▶ **EXERCISE DATA**:
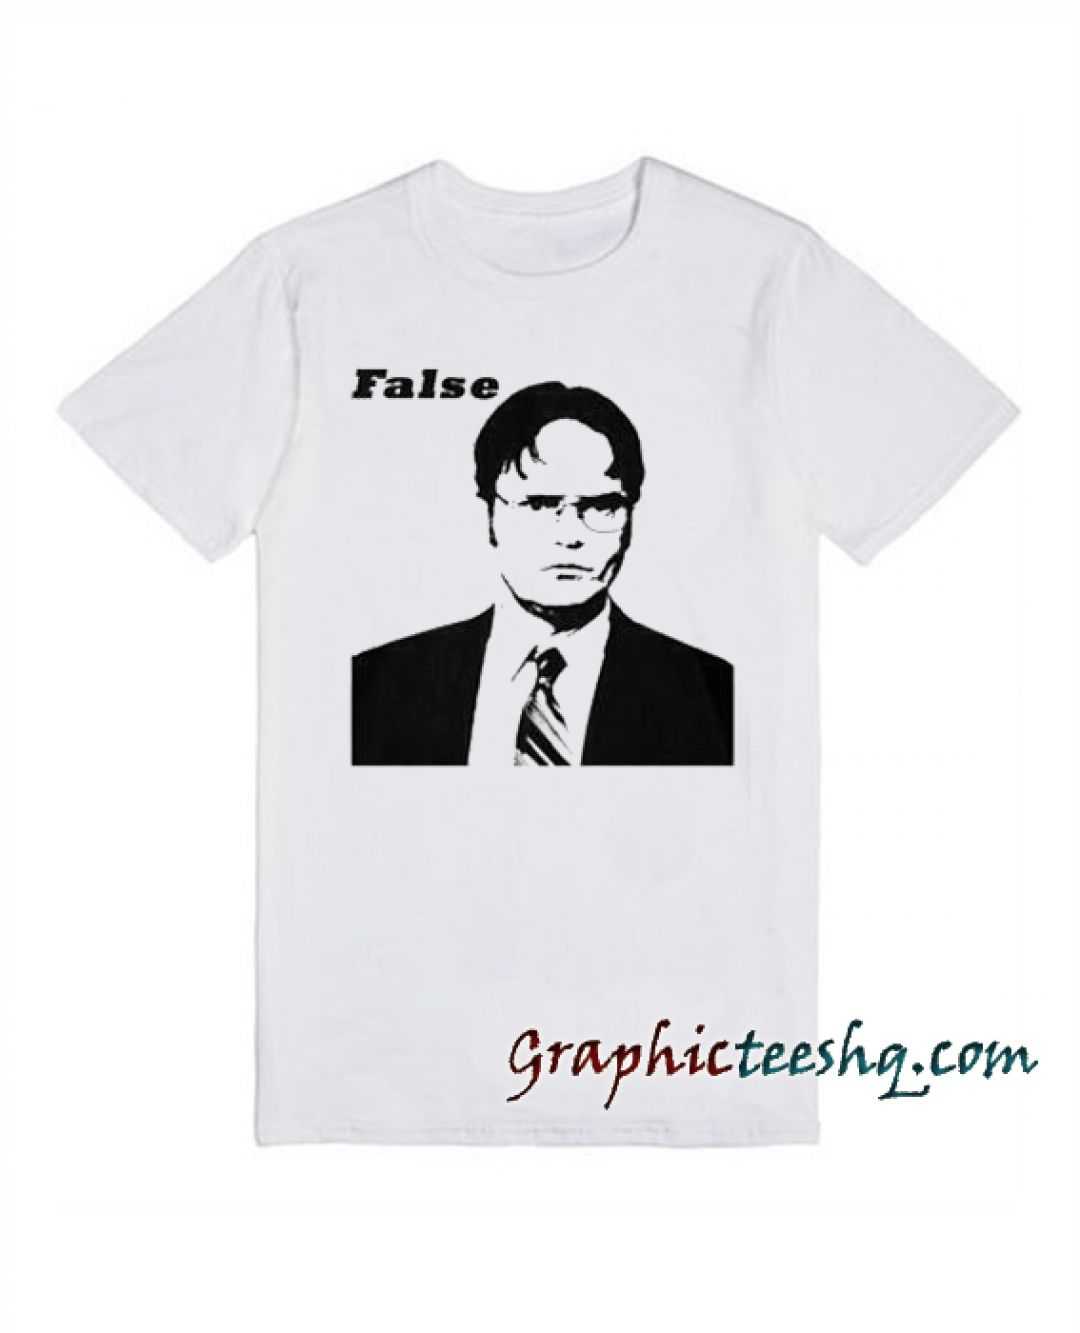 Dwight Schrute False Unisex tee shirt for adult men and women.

==

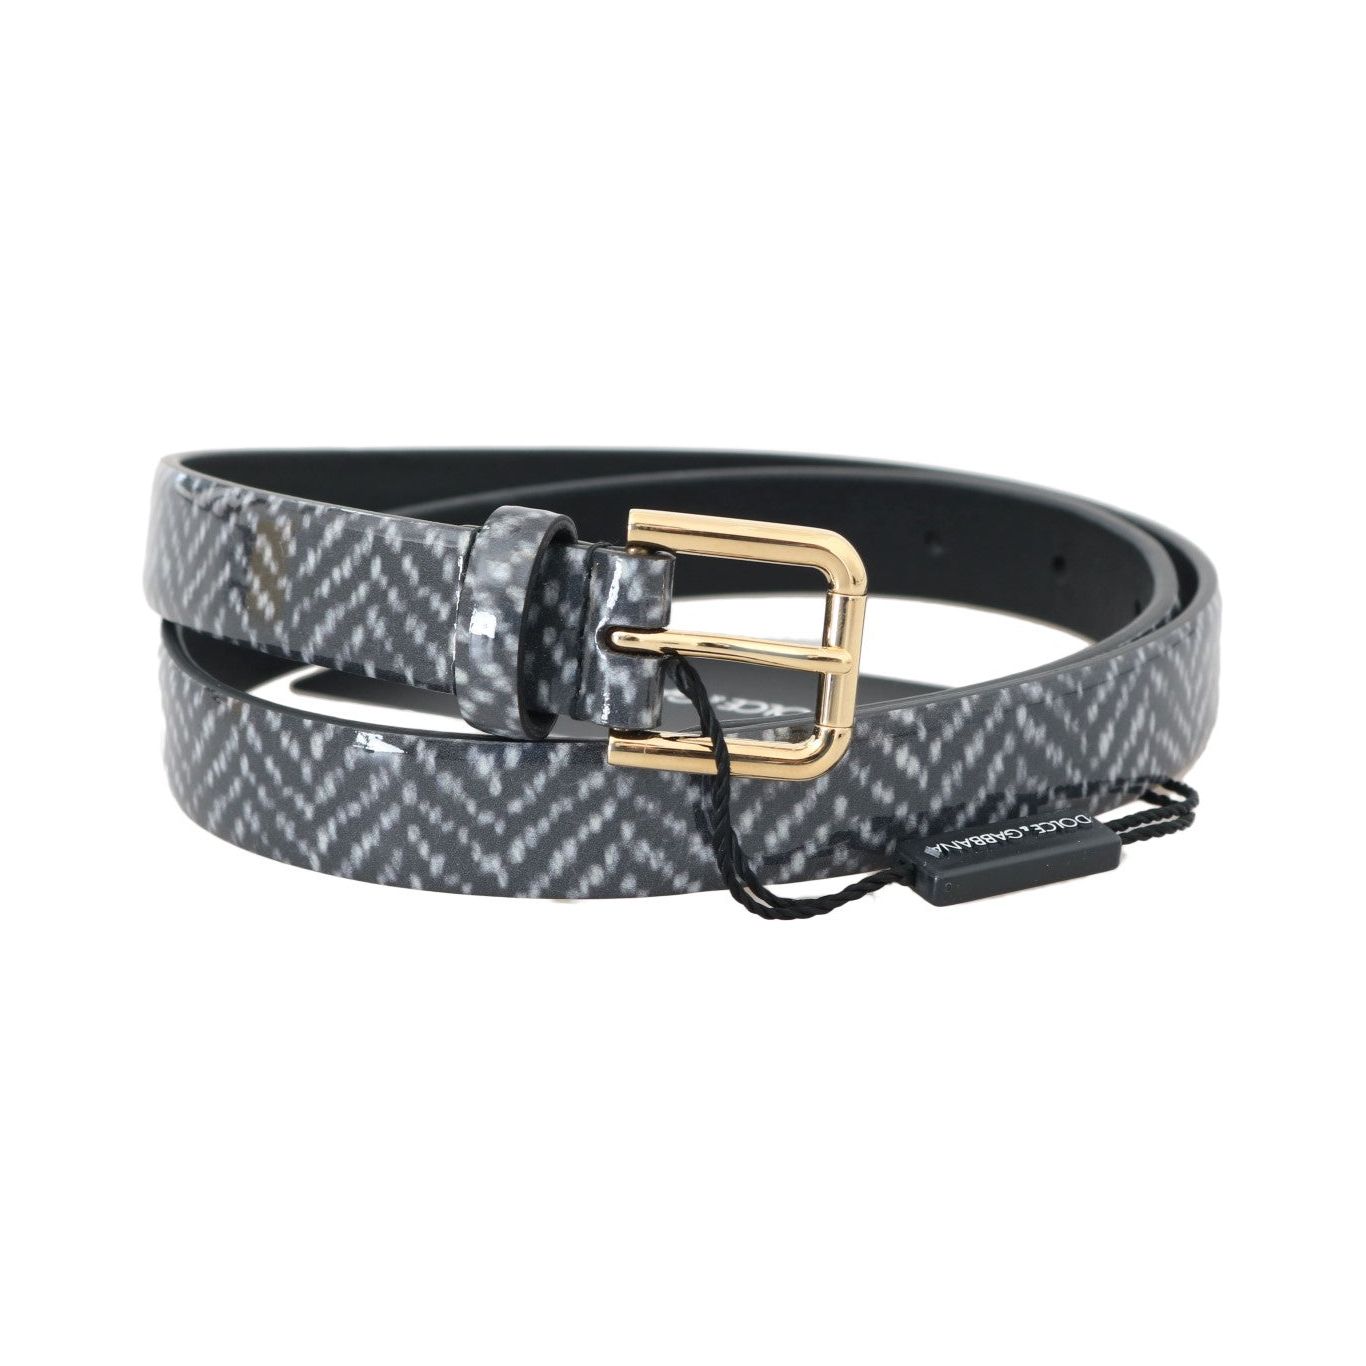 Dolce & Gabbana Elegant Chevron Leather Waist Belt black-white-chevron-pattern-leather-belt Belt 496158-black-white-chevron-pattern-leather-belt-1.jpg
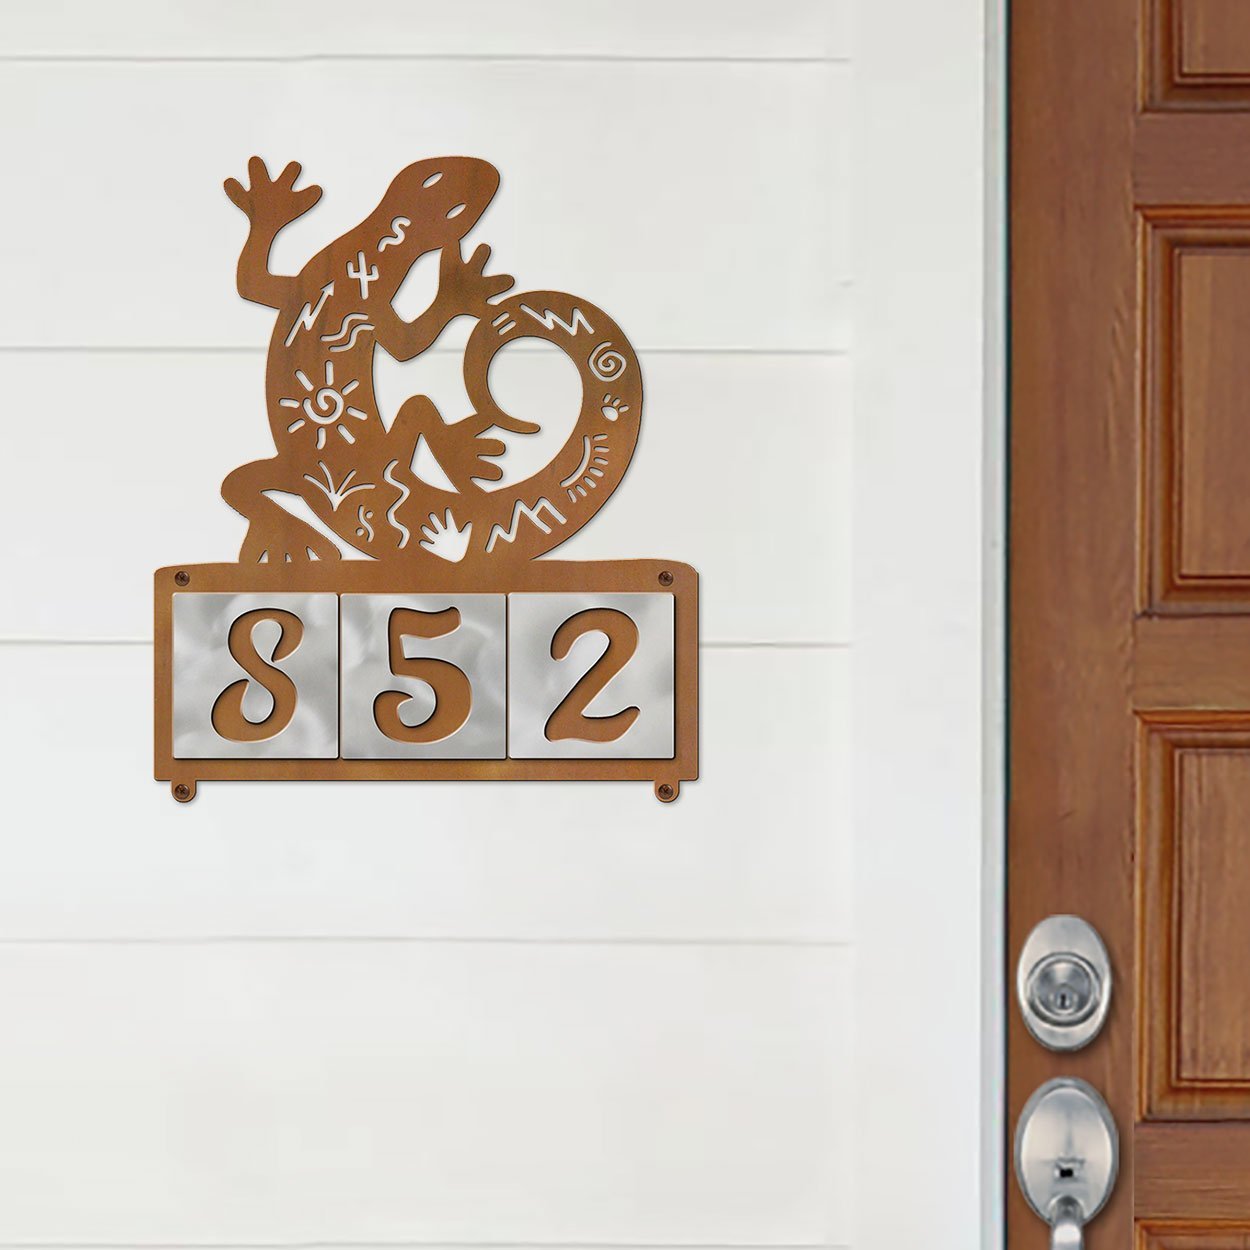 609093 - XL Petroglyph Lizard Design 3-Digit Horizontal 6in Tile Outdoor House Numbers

▶ **EXERCISE**:
Starting at the line above with "Dolce & Gabbana", output every line exactly up to and including the line with "609093 - XL", but none of the pictures.

▶ **FINAL ANSWER**:
 Dolce & Gabbana Elegant Chevron Leather Waist Belt black-white-chevron-pattern-leather-belt Belt 496158-black-white-chevron-pattern-leather-belt-1.jpg
 609093 - XL Petroglyph Lizard Design 3-Digit Horizontal 6in Tile Outdoor House Numbers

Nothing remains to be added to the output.